Hydrogen energy has become an ideal new energy resource due to its clean, efficient, and renewable properties (Schlapbach and Zuttel, 2001). Although the use of hydrogen energy is promising, widespread use has been hindered by issues in the advancement of high-performance materials for hydrogen storage (Liu et al., 2010). The complex hydride (Ley et al., 2014) LiBH4, which has a hydrogen capacity storage of 18.5 wt.%, has drawn extensive attention. LiBH4 decomposes into an intermediate compound Li2B12H12, which generates B and releases H2 as described in Equation (1) (Orimo et al., 2006).
However, many factors impede the commercial application of pure LiBH4, such as high dehydrogenation temperature, slow dehydrogenation rate, and poor cycle reversibility (Lodziana and Vegge, 2004). To solve these issues, researchers have concentrated on modifying LiBH4 (Vajo and Olson, 2007) through anion/cation substitution (Fang et al., 2011; Lombardo et al., 2019), catalytic modification (Kou et al., 2012; Huang et al., 2016; Zhai et al., 2016), the combined effect of composites (Vajo et al., 2010; Kou et al., 2012), and the application of the confinement effect of nano-materials (Vajo, 2011; Zhang et al., 2017).

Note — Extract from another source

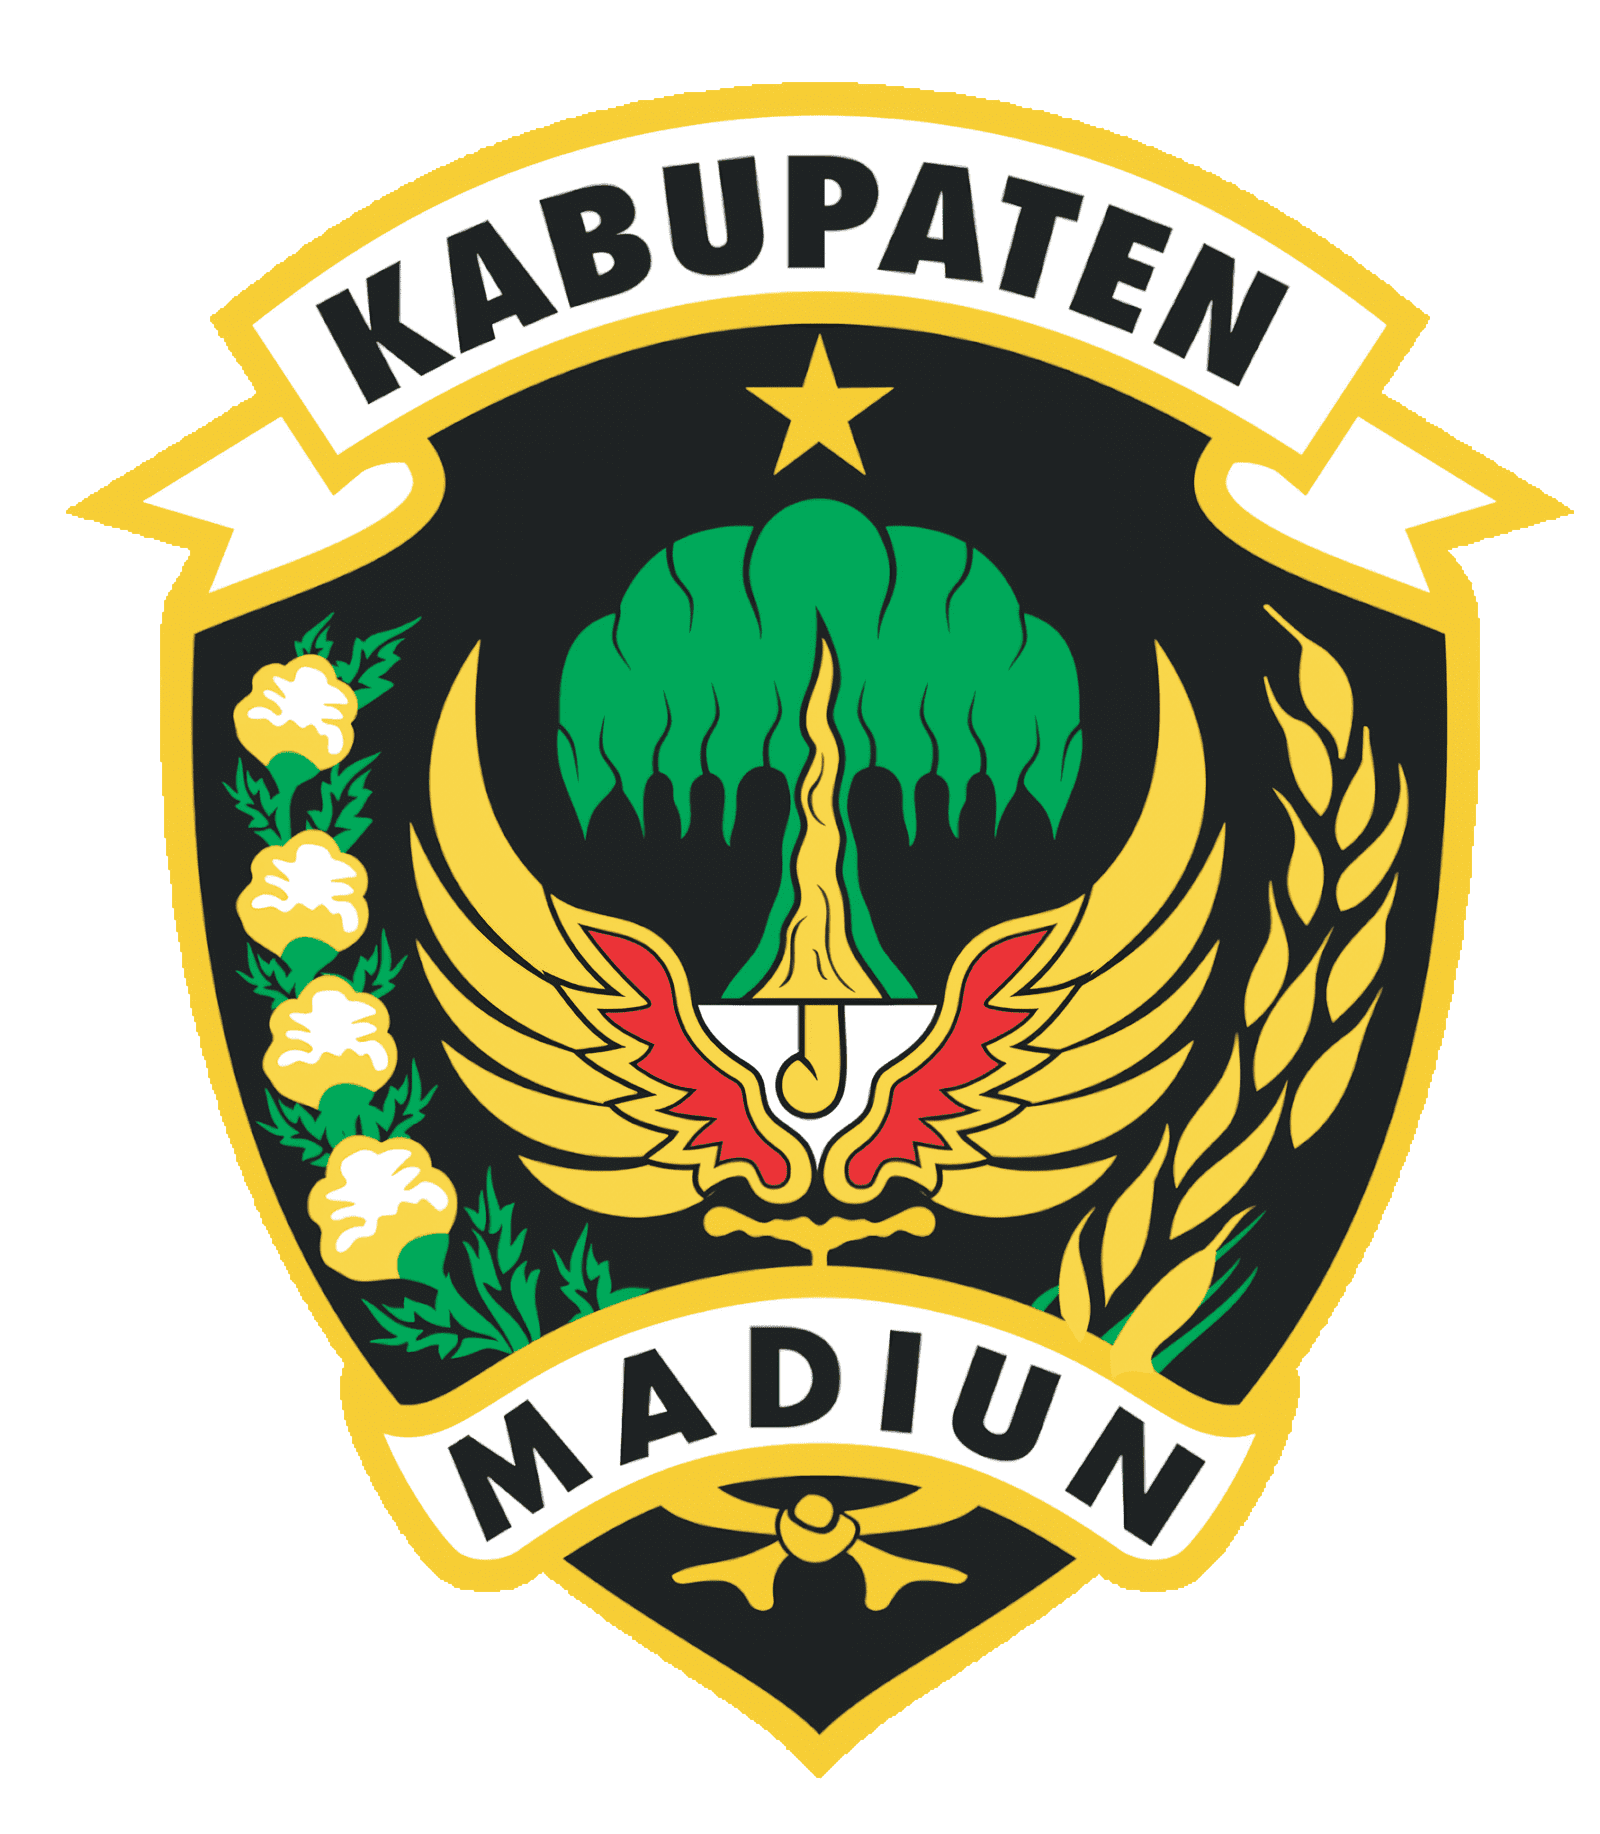 logo_kabupaten_madiun

Al and Al-based composites with LiBH4 are of interest. Founded on first-principles calculation, Siegel et al. (2007) predicted that LiBH4 would react with Al to generate AlB2, LiH, and H2 at 280°C under a hydrogen pressure of 1 bar. For the LiAlH4-LiBH4 system, Mao et al. (2009) found that the addition of TiF3 decreased the onset temperatures of H2 release by 64 and 150°C compared with the undoped system. The decomposition enthalpy values of LiBH4 also reduced to 60.4 kJ/mol. He et al. (2019) studied the dehydrogenation performance of LiBH4/LiAlH4 composite, found that 8.7 wt.% of hydrogen was released at 500°C, and defined a “Li-Al-B-H” compound. Soru et al. (2014) focused on the phase structural transformation of the LiAlH4 + LiBH4 system, which can produce 6.8 wt.% of hydrogen. According to a study by Carrillo-Bucio et al. (2017), a surface-oxidized 2LiBH4 + Al composite did not release hydrogen until heated to 400°C under a 3 bar initial backpressure. With the catalytic effect of TiF3, the mixture obtained 9.3 wt.% of hydrogen release as compared to the 5.8 wt.% of the undoped mixture. In research by Zhang et al. (2018), a combined mixture of MgH2, LiBH4, and LiAlH4 showed superior performance, starting to release hydrogen at 280°C and maintaining reversibility. In our previous studies (Li et al., 2012), the dehydrogenation temperatures of 2LiBH4 + Li3AlH6 doped with titanium were decreased by 80 and 50°C, respectively, vs. the undoped system. From the previous studies, it can be summarized that Al can enhance the hydrogen storage performance of LiBH4 to some extent. However, the dehydrogenation behaviors of different Al source composite systems have not been systematically studied. In this work, three Al-based LiBH4 composite systems, 2LiBH4-Al, 2LiBH4-LiAlH4, and 2LiBH4-Li3AlH6 were prepared, and the hydrogen storage performance was investigated.
Materials and Methods
Table 1 shows the raw materials used in this study. All powders were carefully stored in a glove box (MIKROUNA), in which noble gas was loaded and the oxygen content and water vapor content were kept below 1 ppm. A planetary mill (QM-3SP2) was utilized to prepare the composites.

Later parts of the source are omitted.